Software Coding for software engineeringssuserb3a23b
 
Comparing Linux OS Image Update Models - EOSS 2024.pdf
Comparing Linux OS Image Update Models - EOSS 2024.pdfComparing Linux OS Image Update Models - EOSS 2024.pdf
Comparing Linux OS Image Update Models - EOSS 2024.pdfDrew Moseley
 
GOING AOT WITH GRAALVM – DEVOXX GREECE.pdf
GOING AOT WITH GRAALVM – DEVOXX GREECE.pdfGOING AOT WITH GRAALVM – DEVOXX GREECE.pdf
GOING AOT WITH GRAALVM – DEVOXX GREECE.pdfAlina Yurenko
 
Taming Distributed Systems: Key Insights from Wix's Large-Scale Experience - ...

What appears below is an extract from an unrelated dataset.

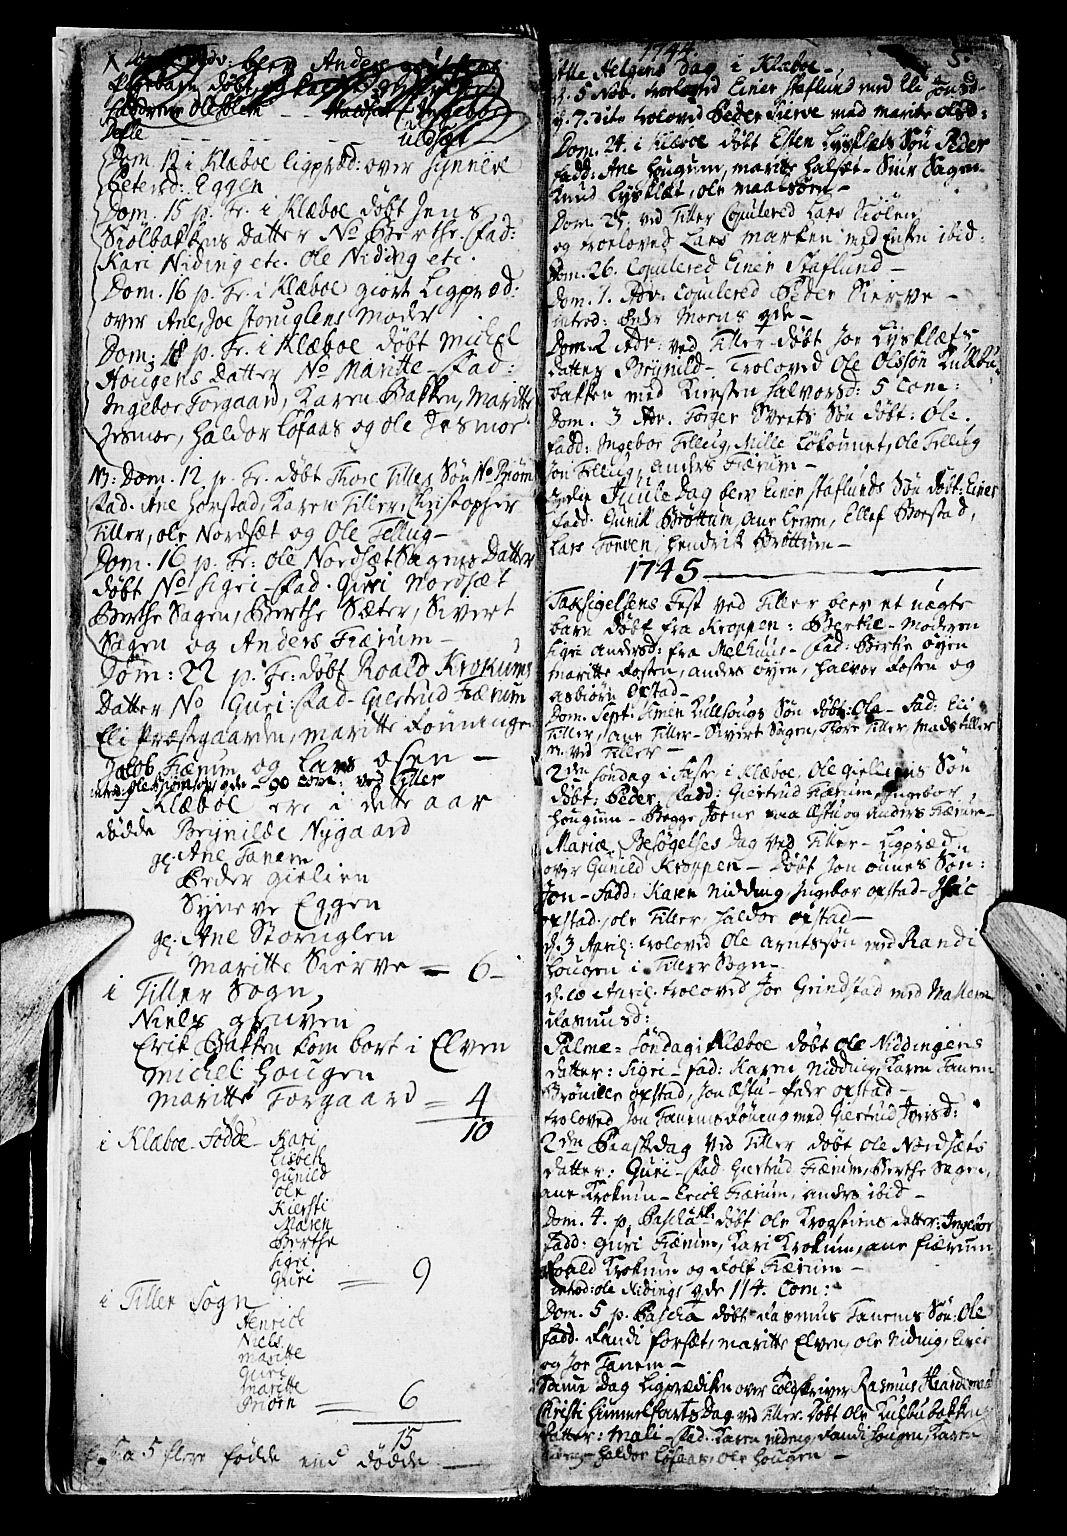 SAT, Ministerialprotokoller, klokkerbøker og fødselsregistre - Sør-Trøndelag, 618/L0436: Ministerialbok nr. 618A01, 1741-1749, s. 5

Taming Distributed Systems: Key Insights from Wix's Large-Scale Experience - ...Taming Distributed Systems: Key Insights from Wix's Large-Scale Experience - ...
Taming Distributed Systems: Key Insights from Wix's Large-Scale Experience - ...Natan Silnitsky
 
React Server Component in Next.js by Hanief Utama
React Server Component in Next.js by Hanief UtamaReact Server Component in Next.js by Hanief Utama
React Server Component in Next.js by Hanief UtamaHanief Utama
 
A healthy diet for your Java application Devoxx France.pdf
A healthy diet for your Java application Devoxx France.pdfA healthy diet for your Java application Devoxx France.pdf
A healthy diet for your Java application Devoxx France.pdfMarharyta Nedzelska
 
Catch the Wave: SAP Event-Driven and Data Streaming for the Intelligence Ente...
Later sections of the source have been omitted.